War story time. Long ago, I worked for an interesting company that insisted on r...

abrookewood · on Oct 27, 2020

That sinking feeling and cold panic when you realise what you've done. God that is horrible.

gomox · on Oct 28, 2020

My favorite version is when that UPDATE or DELETE SQL query that you expected to finish instantly takes a few seconds before giving you your cursor back.

beefield · on Oct 28, 2020

If someone just gave me a tool to show me the expected wall time of query before actually running it, I would be quite happy. I would not even need that much of accuracy, anything up to one order of magnitude would be useful, and even up to two orders of magnitude I would use occasionally.

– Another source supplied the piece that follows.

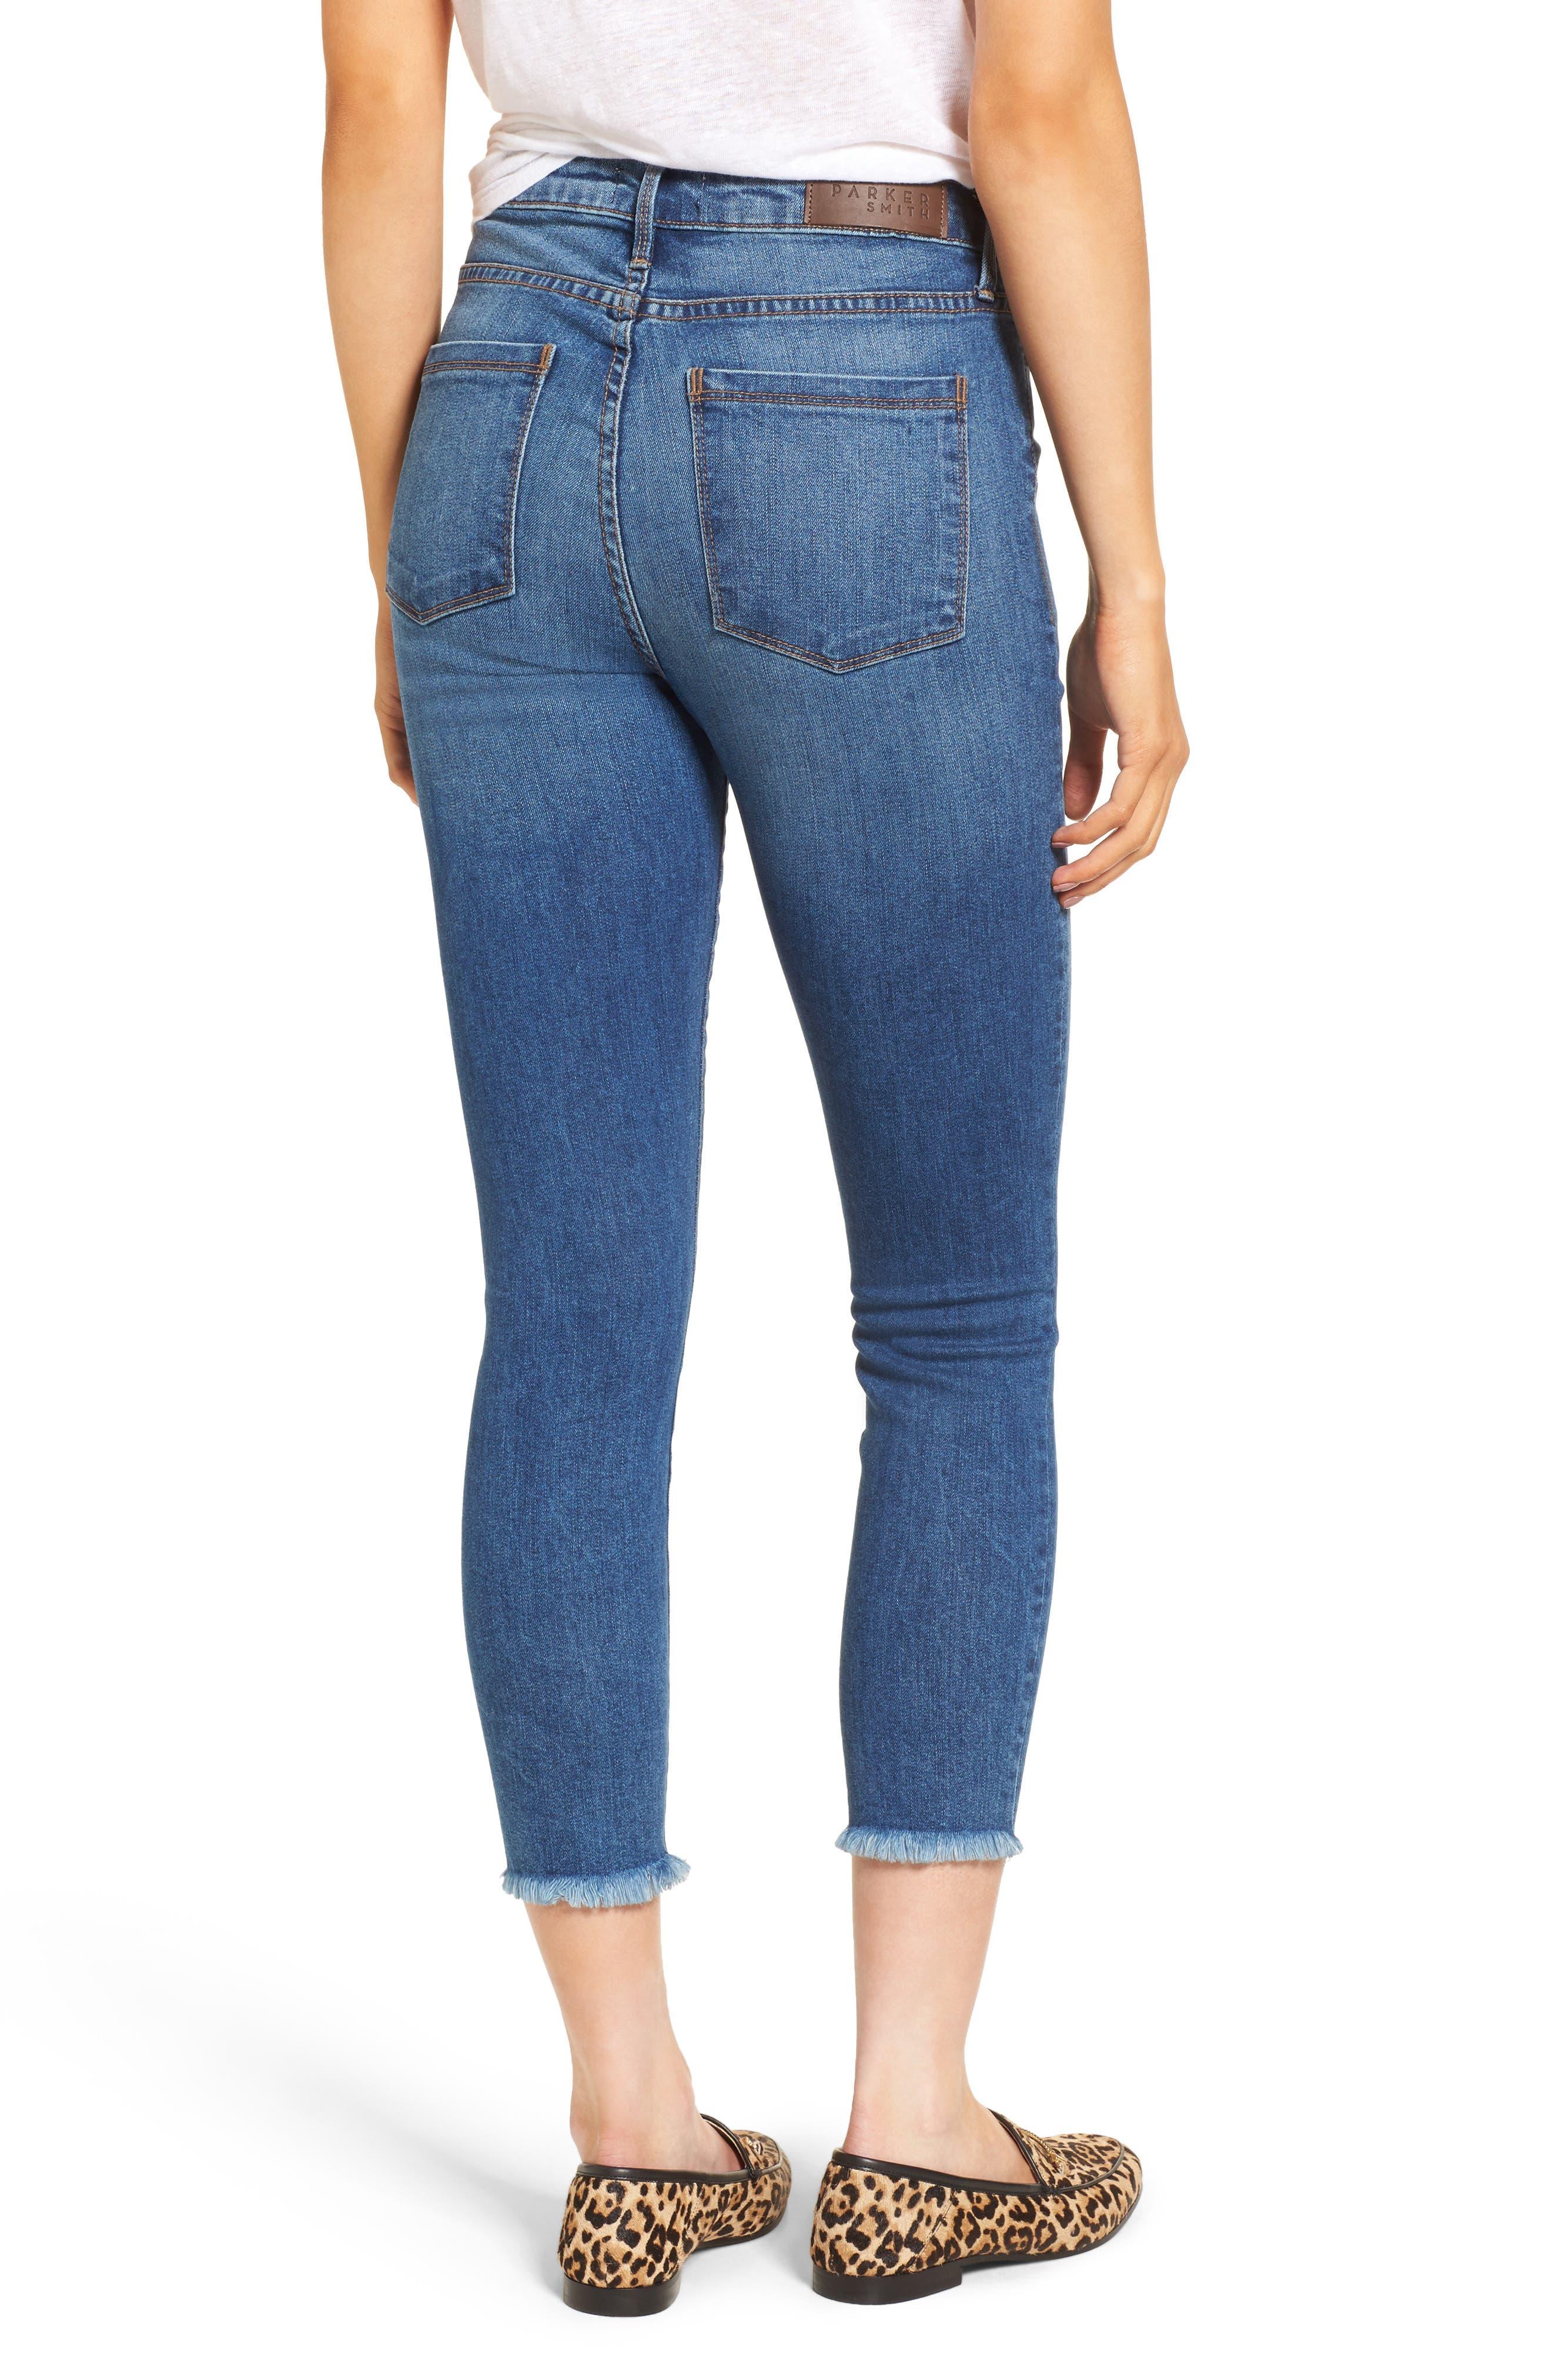 Bombshell Raw Hem Stretch Skinny Jeans,                             Alternate thumbnail 2, color,                             426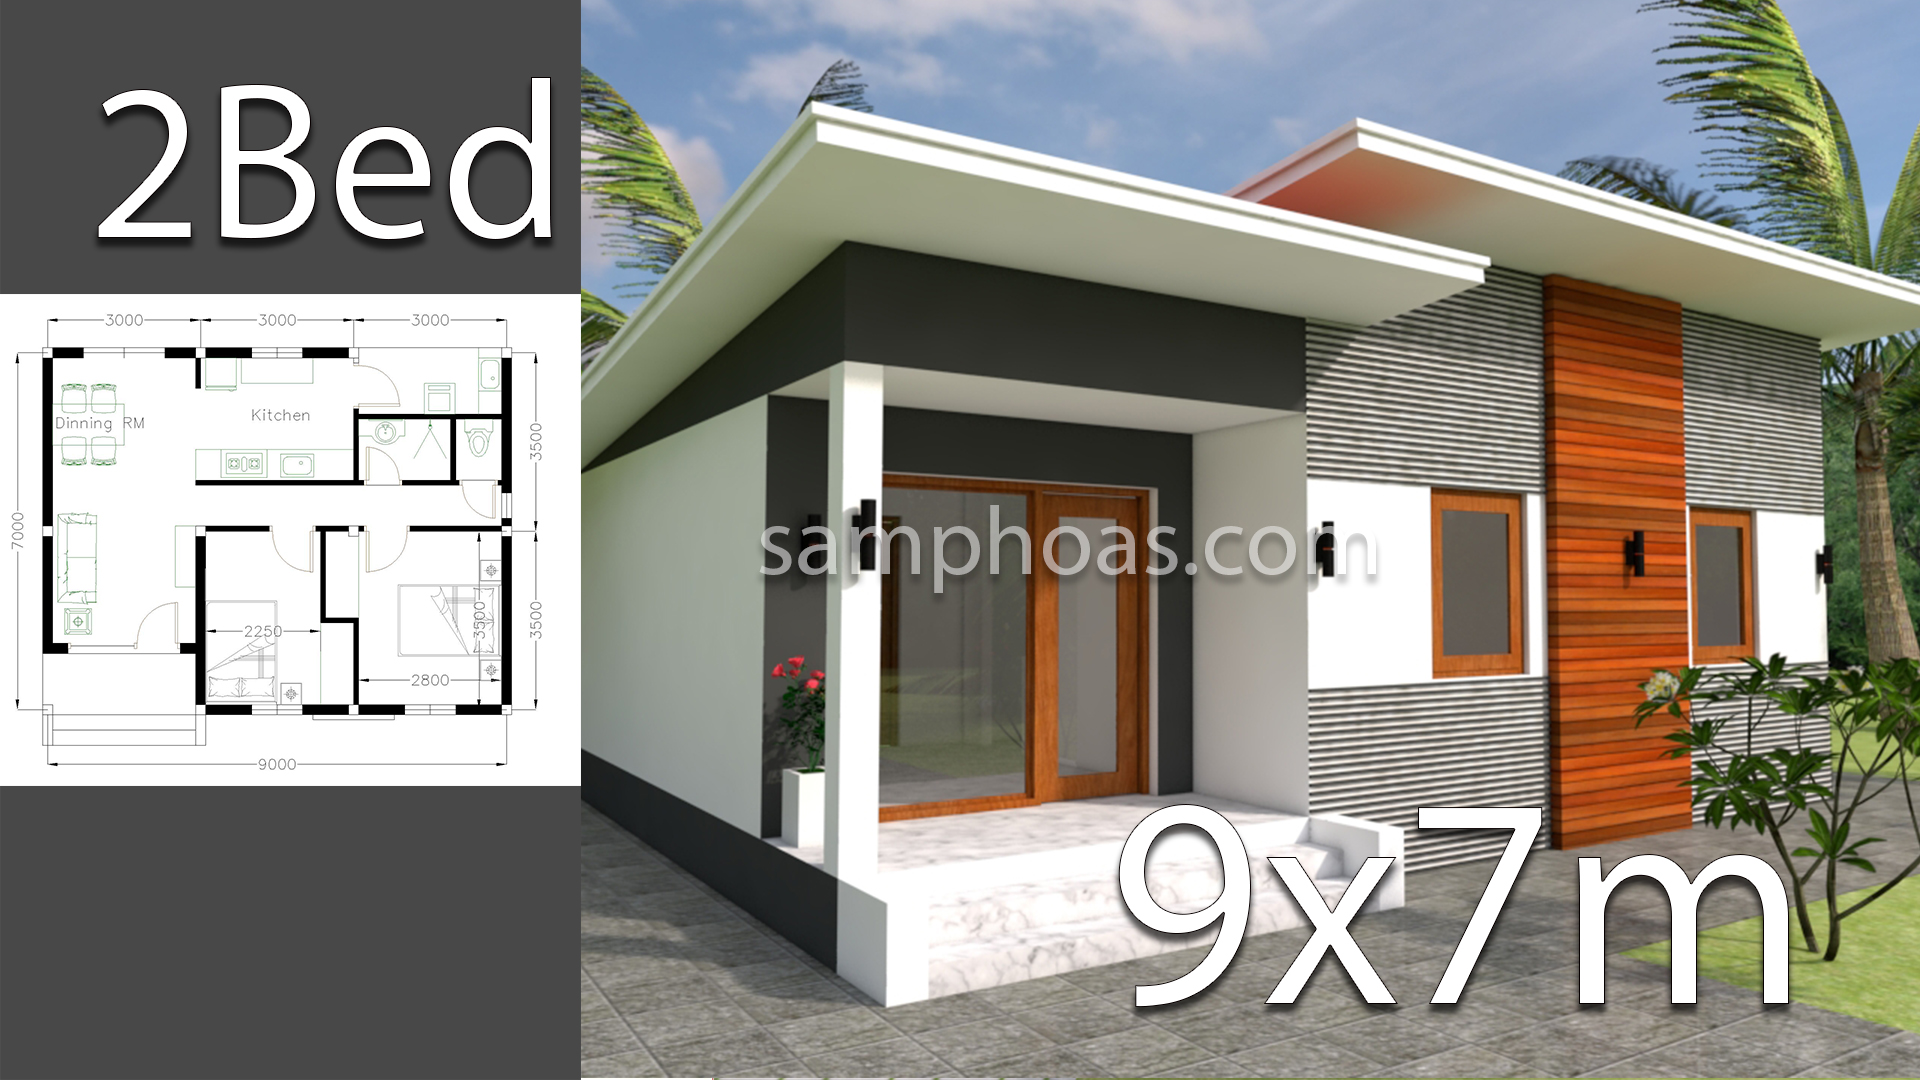 Plan 3d Home Design 9x7m 2 Bedrooms - SamPhoas Plan

yencabulator · on Oct 28, 2020

https://www.postgresql.org/docs/current/using-explain.html ?

beefield · on Oct 28, 2020

Nobody has ever been able to give me a function query cost -> wall time with any accuracy.

dasyatidprime · on Oct 28, 2020

You probably knew this already, and there's probably better solutions if you're not in the manual sysadmin world, but after I did that on a personal machine a few decades ago (I think it was?), I got in the habit of using `--one-file-system` when doing major recursive rm operations that weren't meant to cross filesystems. Or `find -xdev … -delete` for anything more selective.

dmurray · on Oct 28, 2020

It seems better to alias rm to "rm --one-file-system", assuming major cross-filesystem deletes aren't something you do all the time that should be made as ergonomic as possible.

coredog64 · on Oct 28, 2020

Similar story, except we were using an NFS appliance that took hourly snapshots. As soon as we figured out what was happening, we had the storage team save off the latest snapshot. It was 1TB of data (a lot for the time) and took a week for us to restore.

aprdm · on Oct 27, 2020

A lot of companies still work in a similar fashion to what you described, maybe with root squashed, but still, very possible to have something like that happen now a days!

I remember someone hit a bug with docker exec --rm years ago where it started deleting some NFS files that it shouldn't...

Huggernaut · on Oct 28, 2020

This reminds me of a time when a colleague and I were investigating some persistent D-State processes that were occurring when container processes were being exec-ed.

Once on the box, we wanted to create a container with utilities in the fs but didn't want to download an image tarball or look through the rootfs layer directories for one to use, so we just bind mounted host root onto another directory, beside the config file we were using.

This worked like a charm. Until we rm -rf'd the config directory and deleted host root in the process.

In our case, fortunately the consequences were minimal as all workloads were stateless. The container scheduler moved all the workloads to other hosts and the host scheduler noticed this VM wasn't responding any more and rolled a new one. The whole thing resolved itself in about 5 minutes with no interaction from us - so that was pretty neat.

stmw · on Oct 27, 2020

That's a very sad worry story, hope it turned out OK. Sorry you and the users had to go through that.

eljimmy · on Oct 27, 2020

Oh man - this one is anxiety inducing. I feel like this would haunt me for years.